As just one example within marine science, the emerging study of e-DNA shows tremendous promise for understanding marine ecosystems and species migration without relying on visual sightings or more disruptive sampling methods. Six years ago, this area showed promise but was hindered by inefficient automated sampling technologies. OceanX’s philanthropic support of the first U.S. National Marine eDNA conference in 2018 and research at Johns Hopkins sparked key breakthroughs in ocean water sampling, leading to widespread interest and development of this technology. And this year, the United States has published its first National Aquatic e-DNA Strategy to enhance coordination across conservation science, entrepreneurial enterprise, and philanthropic, public, and private investments. Likewise, the Schmidt Family Foundation’s early philanthropic funding of Saildrone technology has led to a robust industry of low-carbon, autonomous vehicles that are helping push the boundaries of scientific knowledge by providing droves of low-cost mapping, marine life, and climate data. It’s clear that, working together, philanthropists, innovative scientists, venture capitalists, and governments make a powerful, mutually-supportive combination.
Other successful models of public-private-philanthropic partnerships over the past decade have demonstrated the transformative potential of such efforts. This includes Bill Gates’ Breakthrough Energy, which tackles green premiums and builds a compelling case for investors to help new innovative technology companies succeed and scale by using philanthropic dollars to pave the way, and the Three Cairns Group and Sea Change International Foundation’s Allied Climate Partnerships, which use catalytic philanthropic dollars to increase the number of bankable, climate-related projects and businesses in emerging economies. These partnerships harness the strengths of each sector: the innovation, efficiency, and capital of the private sector, the regulatory, funding, procurement, and purchasing power of the public sector, and the flexibility and mission-driven focus and catalytic, flexible, and agile seed capital of philanthropy.

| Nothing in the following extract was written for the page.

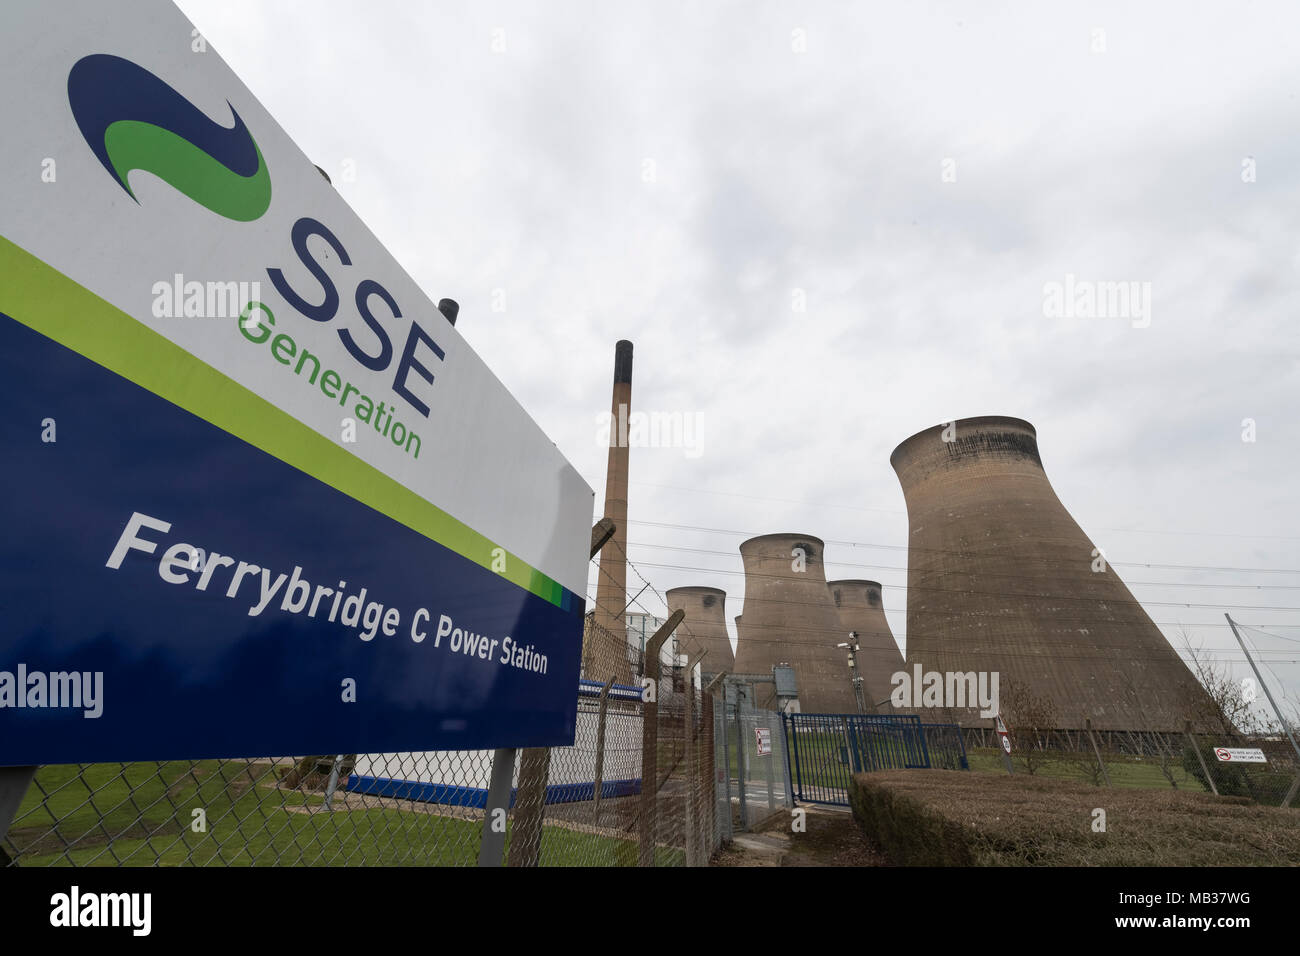 General view of Ferrybridge C Power Station, which has been decommissioned. Ferrybridge, Yorkshire, UK. 6th April 2018. Stock Photo

While we must keep in mind that philanthropic money is still a scarce and limited resource that cannot replace private investment, when used strategically in these ways, it can play a truly catalytic role bringing in institutional investors and governments that might otherwise shy away from perceived risks. By providing initial funding and proof of concept, philanthropists can help create an enabling environment that encourages larger-scale investments. Moreover, development finance institutions and multilateral development banks can amplify these efforts by aligning their resources with philanthropic dollars and private investors.
There is no escaping the costs of climate change, which have so far proven difficult to fund. But we believe that it is possible to compete for the necessary funds by figuring out with philanthropists and investors how to produce the returns that will get investors off the sidelines and invest in what’s required for the common good.
Professor Klaus Schwab is the founder and chairman of the World Economic Forum, and Global Co-Chair of GAEA, a multistakeholder platform aiming to design public-private-philanthropic efforts to unlock climate and nature investments.
Ray Dalio is former founder and chief investment officer at Bridgewater Associates, and is currently chair of Dalio Philanthropies, and Global Co-Chair of the World Economic Forum’s GAEA effort.
Correction, Nov. 4
The original version of this story misidentified the entity that helped fund the Saildrone technology. It is the Schmidt Family Foundation, not the Schmidt Ocean Institute.